Framework-Specific Rules
AutoPrompt
- Use gradient-free search to discover optimal trigger tokens; freeze once BLEU/accuracy plateaus.
- Store generated triggers in `autoprompt/` with metadata (model, date, task).
ReAct
- Enforce `Thought:` → `Action:` → `Observation:` cycle; max 5 iterations.
- Terminate with `Answer:` segment; client halts on first `Answer:`.
RAG
- Retrieval step must return ≤ 3 snippets, each ≤ 150 tokens.
- Cite sources: append `[source{n}]` tokens and provide URL list under “References”.
Additional Sections
Testing & Evaluation
- Automated eval suite: accuracy, brevity, toxicity, cost; run on CI for every prompt change.
- Use OpenAI GPT-4 as judge model with rubric scoring 1-5; gate merge at ≥ 4 average.
Performance & Cost
- Default temperature 0.7; lower to 0.2 for deterministic needs.
- Track tokens per request; alert when > 90 % of cost budget.
Security & Compliance
- Strip PII from logs; hash user IDs.
- For restricted content, prepend policy excerpt and “You must refuse if …”.
Versioning & Documentation
- Semantic versioning: MAJOR.MINOR.PATCH in prompt header comment.

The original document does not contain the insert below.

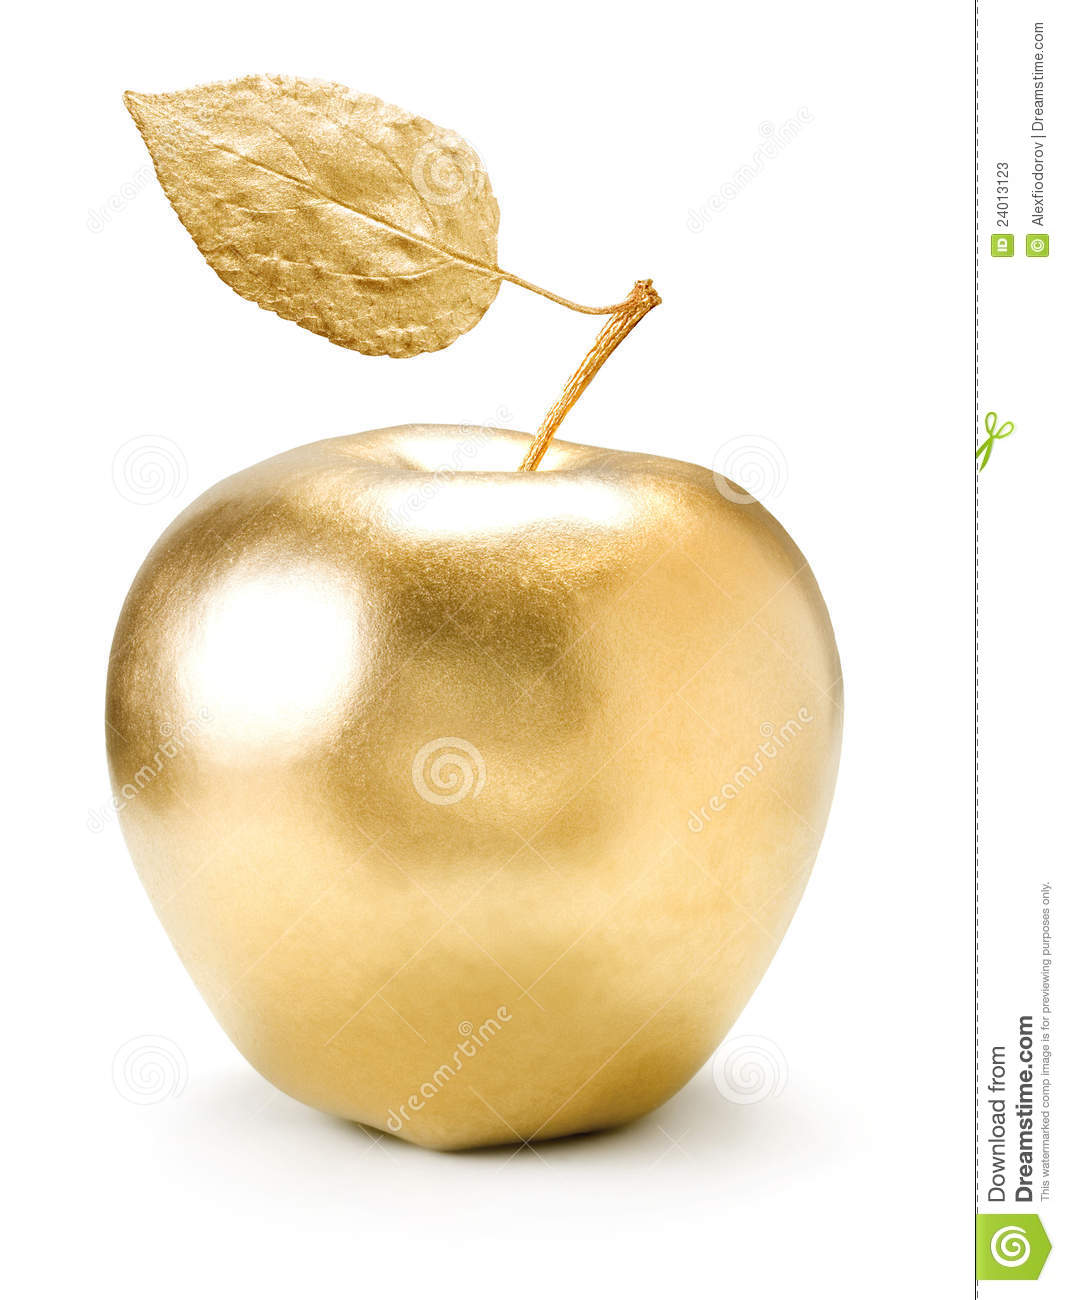 Apples Of Gold Quotes. QuotesGram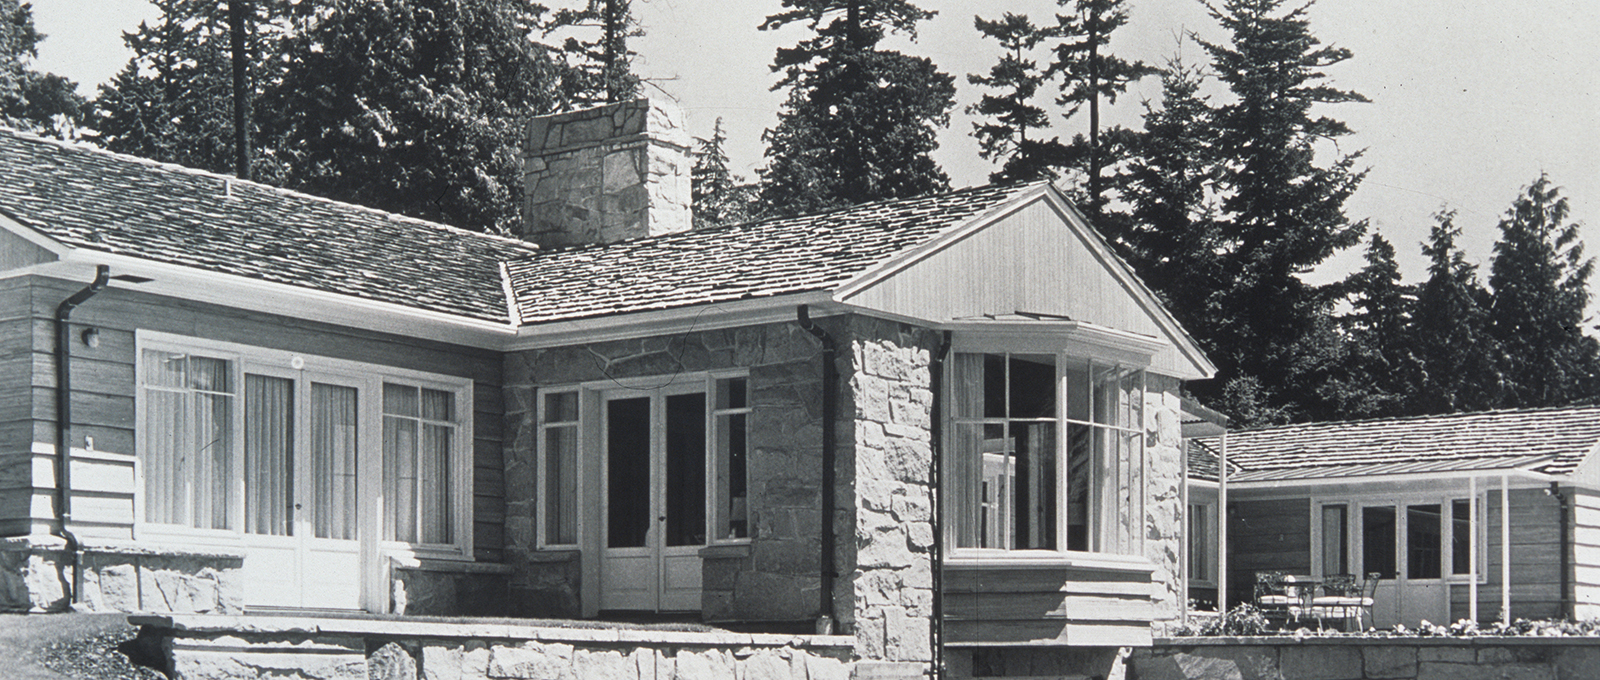 The Miller home, 1953

- Changelog stored in `CHANGELOG.md`; summary auto-generated on merge.
Example Prompt Skeleton
```
### System
You are an expert financial analyst. Follow regulations. Version:1.2.0
### Context
Relevant market data: <data_block>
### Task
1. Analyze trends step-by-step.
2. Output JSON using the schema.
### Output Format (JSON)
{
"summary": string,
"risk_level": "low" | "medium" | "high",
"citations": string[]
}
### Example
<example omitted for brevity>
### User Input
<user_input>
```
Adopt these rules to ensure clarity, safety, and high-fidelity outputs across all LLM integrations.